Find where $f(z)=\mathrm{Log}\left(\frac{z-\alpha}{z-\beta}\right)$ is defined and continuous

Question

Let $\alpha,\beta\in\mathbb C$ and let $f(z):\mathbb C \to \mathbb C$ such that:

$$f(z)=\mathrm{Log}\left(\frac{z-\alpha}{z-\beta}\right)$$

We know that the principal branch of $\log(w)$ (denoted as $\mathrm{Log}(w)$) is defined and continuous for every $w\in\mathbb C\setminus A$ when:

$$A=\left\{w\in\mathbb C\mid \Im(w)=0, \Re(w)\leq 0 \right\}$$

My goal is to find where $f$ is defined and continuous. For that, I subtituted $w=\frac{z-\alpha}{z-\beta}$ and tried to calculate the real and imaginary parts of $w$, but it turned out to be an algebraic nightmare. I managed to make things simpler, but the condition I got is an equation which is dependent on $\Re(z),\Im(z),\Re(\alpha),\Im(\alpha),\Re(\beta)$ and $\Im(\beta)$, which makes it harder to define the domain properly.

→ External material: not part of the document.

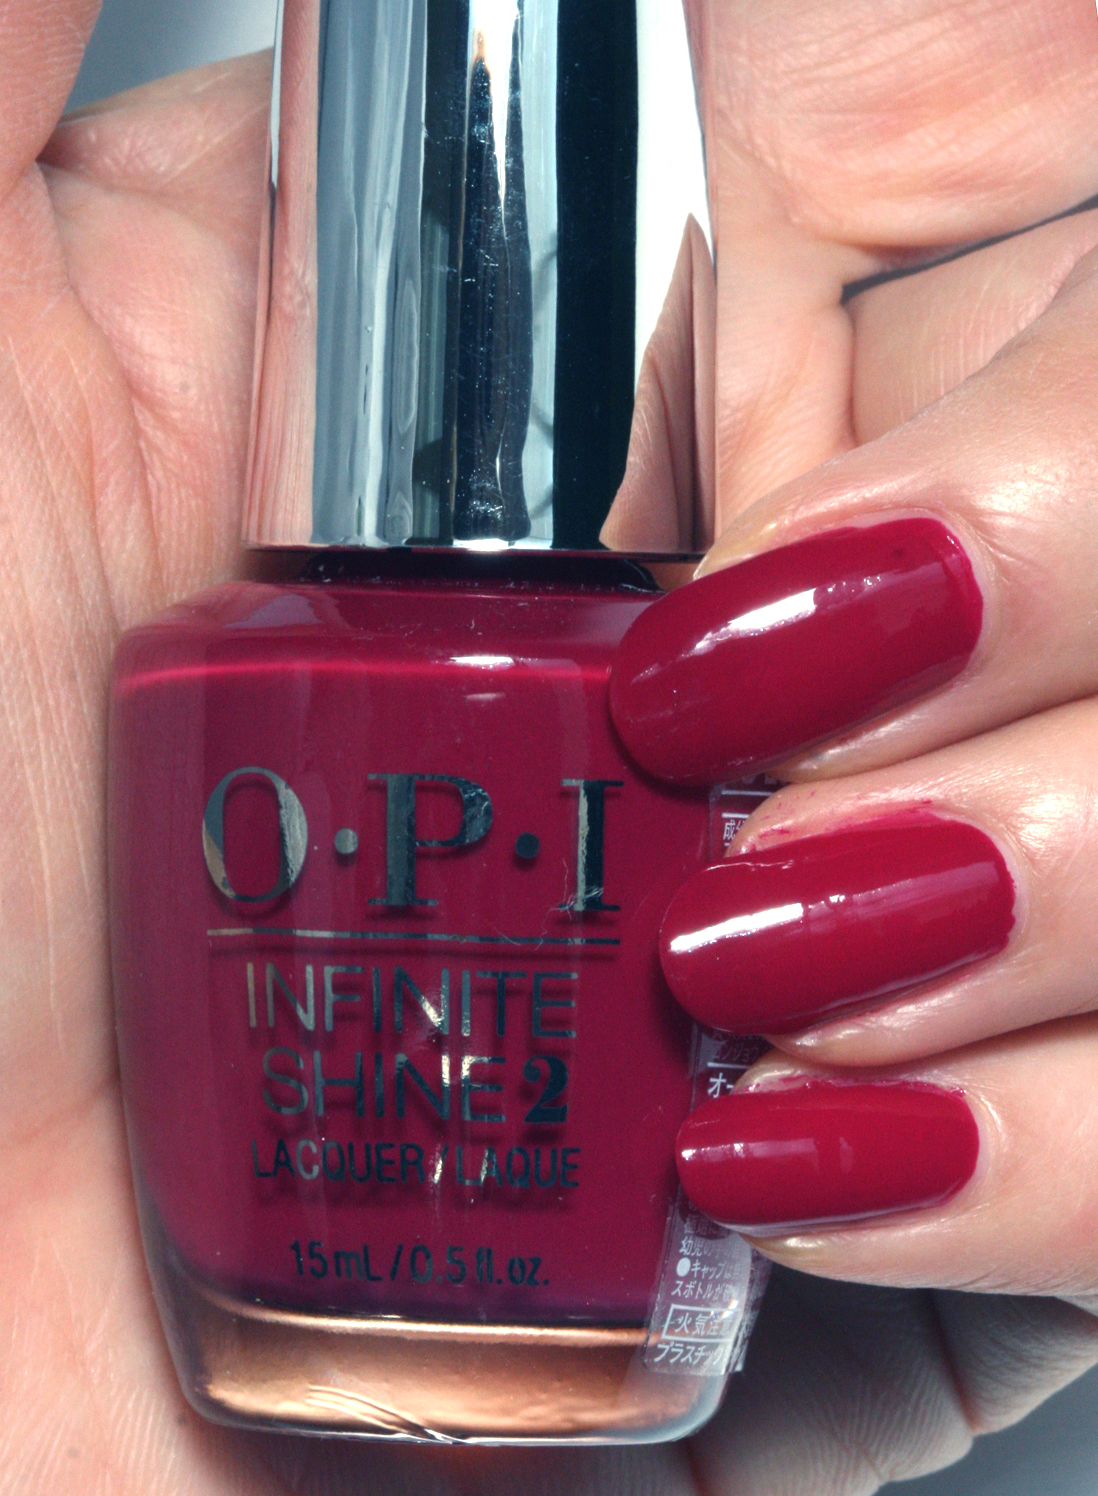 OPI INFINITE SHINE(インフィニット シャイン) IS-L60 Berry On Forever(ベリー オン フォーエバー)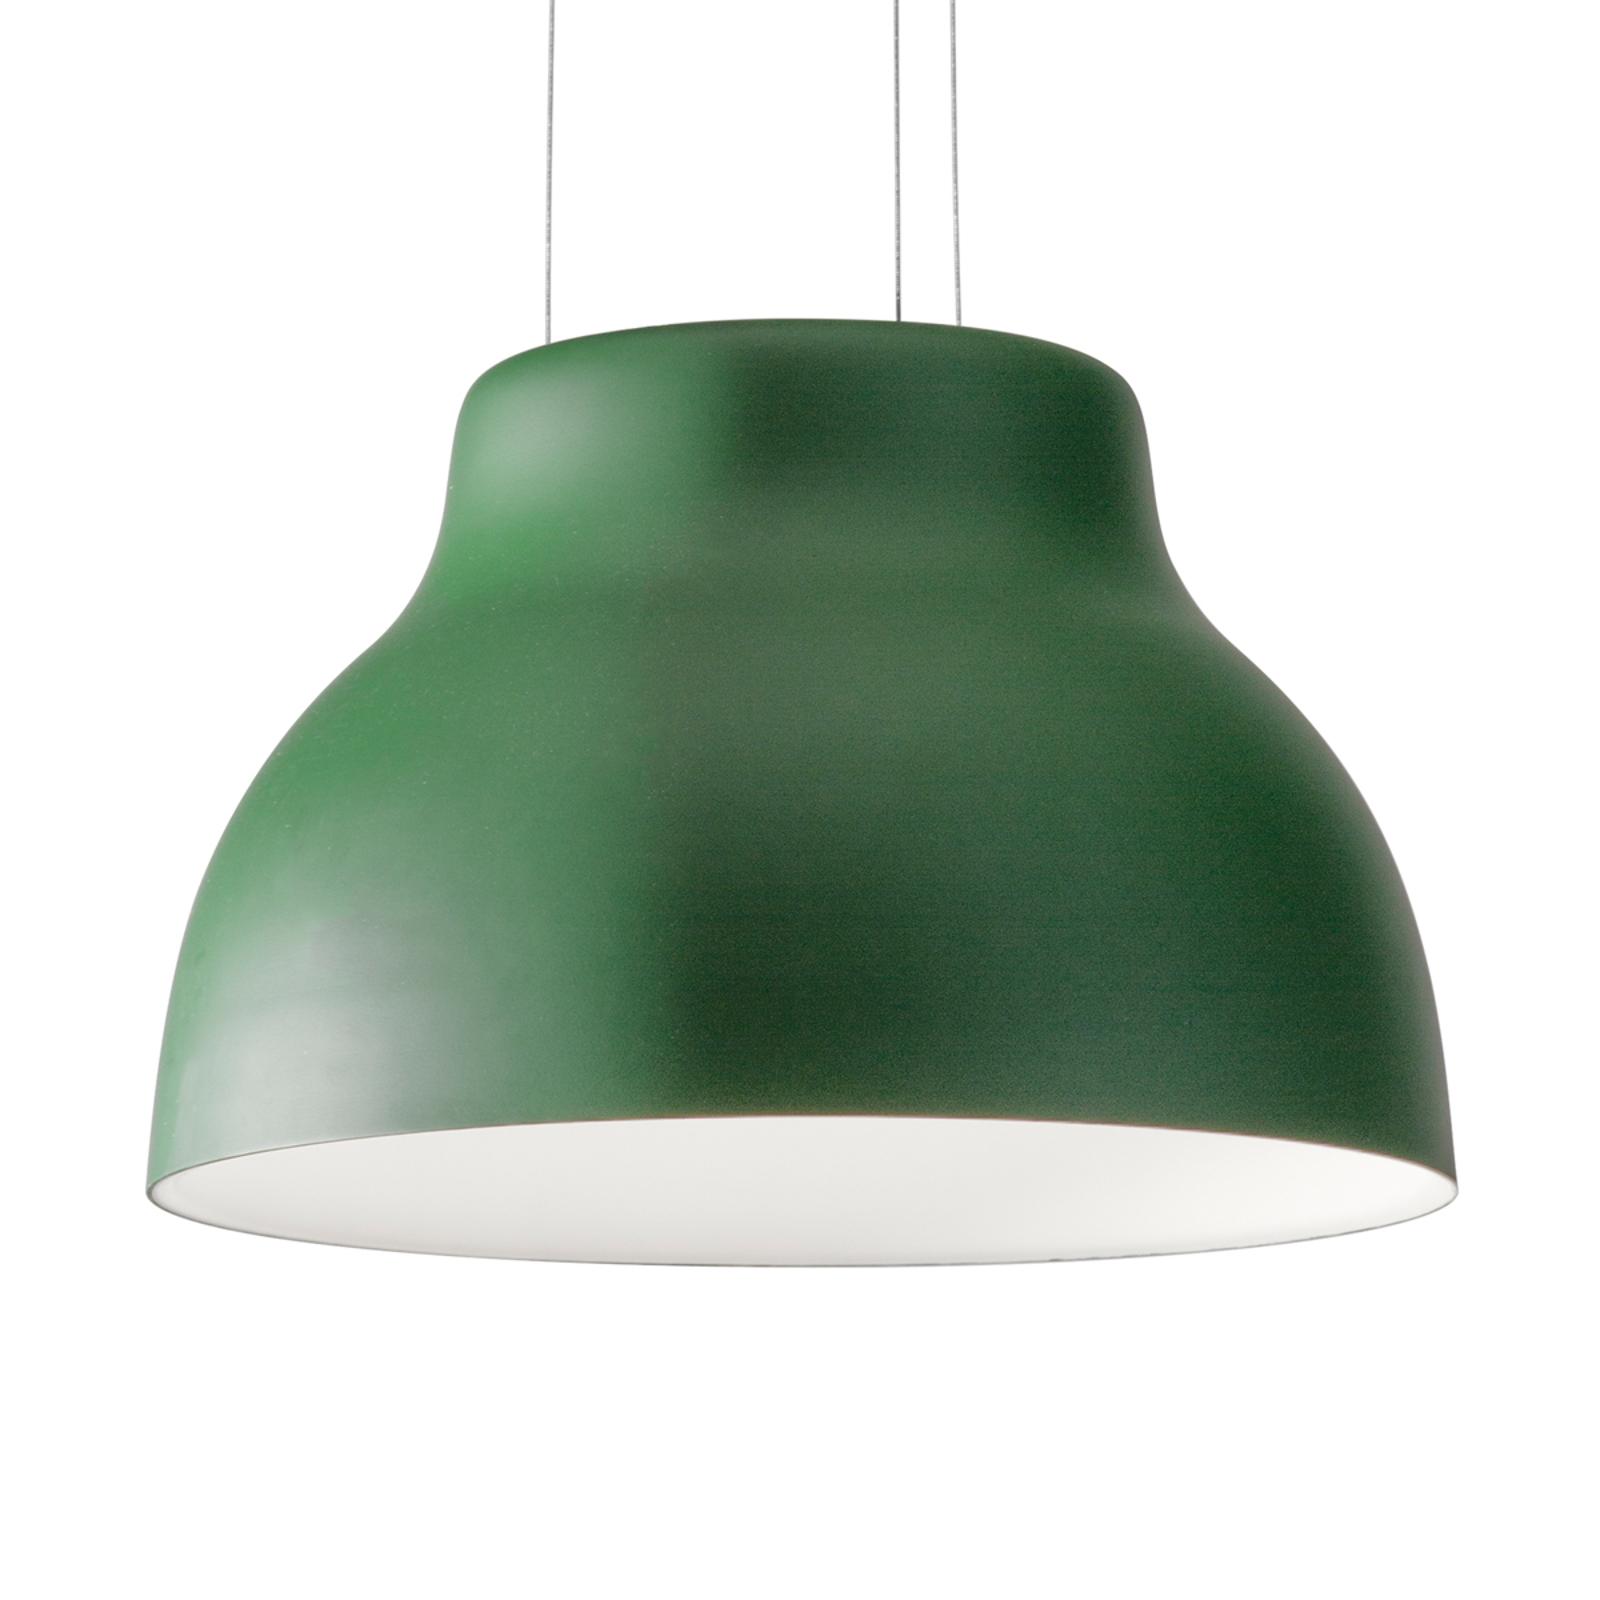 Martinelli Luce Cicala - LED-Pendelleuchte, grün

I would be glad to see your ways of finding the domain of the above function $f$; They must be better than mine.

Thanks!

Answer 1

Since $\mathrm{Log}$ is discontinuous (and not holomorph) on $D=(-\infty,0]\times \{0\}$, function $f$ is discontinuous (and not holomorph) on $z$ iff $$\frac{z-\alpha}{z-\beta}\in D=(-\infty,0]\times \{0\},$$ that is: $$\mathrm{Re}\left(\frac{z-\alpha}{z-\beta}\right)\leqslant 0$$ and $$\mathrm{Im}\left(\frac{z-\alpha}{z-\beta}\right)= 0.$$ Since $$\frac{z-\alpha}{z-\beta}=\frac{(z-\alpha)(\overline{z}-\overline{\beta})}{|z-\beta|^2}=\frac{z\overline{z}-z\overline{\beta}-\alpha \overline{z}+\alpha \overline{\beta}}{|z-\beta|^2},$$ we get:

$$\mathrm{Re}\left(\frac{z-\alpha}{z-\beta}\right)=\frac{|z|^2-\mathrm{Re}(z\overline{\beta})-\mathrm{Re}(\alpha \overline{z})+\mathrm{Re}(\alpha \overline{\beta})}{|z-\beta|^2},$$ $$\mathrm{Im}\left(\frac{z-\alpha}{z-\beta}\right)=\frac{-\mathrm{Im}(z\overline{\beta})-\mathrm{Im}(\alpha \overline{z})+\mathrm{Im}(\alpha \overline{\beta})}{|z-\beta|^2}.$$ So $$\mathrm{Re}\left(\frac{z-\alpha}{z-\beta}\right)\leqslant 0\iff |z|^2-\mathrm{Re}(z\overline{\beta})-\mathrm{Re}(\alpha \overline{z})+\mathrm{Re}(\alpha \overline{\beta})\leqslant 0$$ and: $$\mathrm{Im}\left(\frac{z-\alpha}{z-\beta}\right)=0\iff -\mathrm{Im}(z\overline{\beta})-\mathrm{Im}(\alpha \overline{z})+\mathrm{Im}(\alpha \overline{\beta})=0.$$ Setting $$A=\{z:-\mathrm{Im}(z\overline{\beta})-\mathrm{Im}(\alpha \overline{z})+\mathrm{Im}(\alpha \overline{\beta})=0 \textrm{ and } |z|^2-\mathrm{Re}(z\overline{\beta})-\mathrm{Re}(\alpha \overline{z})+\mathrm{Re}(\alpha \overline{\beta})\leqslant 0\},$$ we get that $f$ is continuous and holomorph on $\mathbb{C}\setminus A.$

Answer 2

Two options:

1. Shift the variable to make things easier, then revert at the end: put $u=z+\beta$. Then $$ f(u+\beta) = \operatorname{Log}\bigg( \frac{u+\beta-\alpha}{u}\bigg) = \operatorname{Log}\bigg( 1 + \frac{\beta-\alpha}{u}\bigg) $$ and now all you have to do is find when $1+(\beta-\alpha)/u$ is nonpositive.

2. We know the set where $\operatorname{Log}(w)$ is defined, with $w=g(z)$, so if we can find the inverse image of this set under $g$, we find out where $\operatorname{Log}(g(z))$ is defined. That is, solve $$ w = \frac{z-\alpha}{z-\beta} $$ for $z$, and find out where the set of $w \in A$ goes.

Either way, it comes out to be the complement of the line segment joining $\beta$ to $\alpha$ (including the endpoints).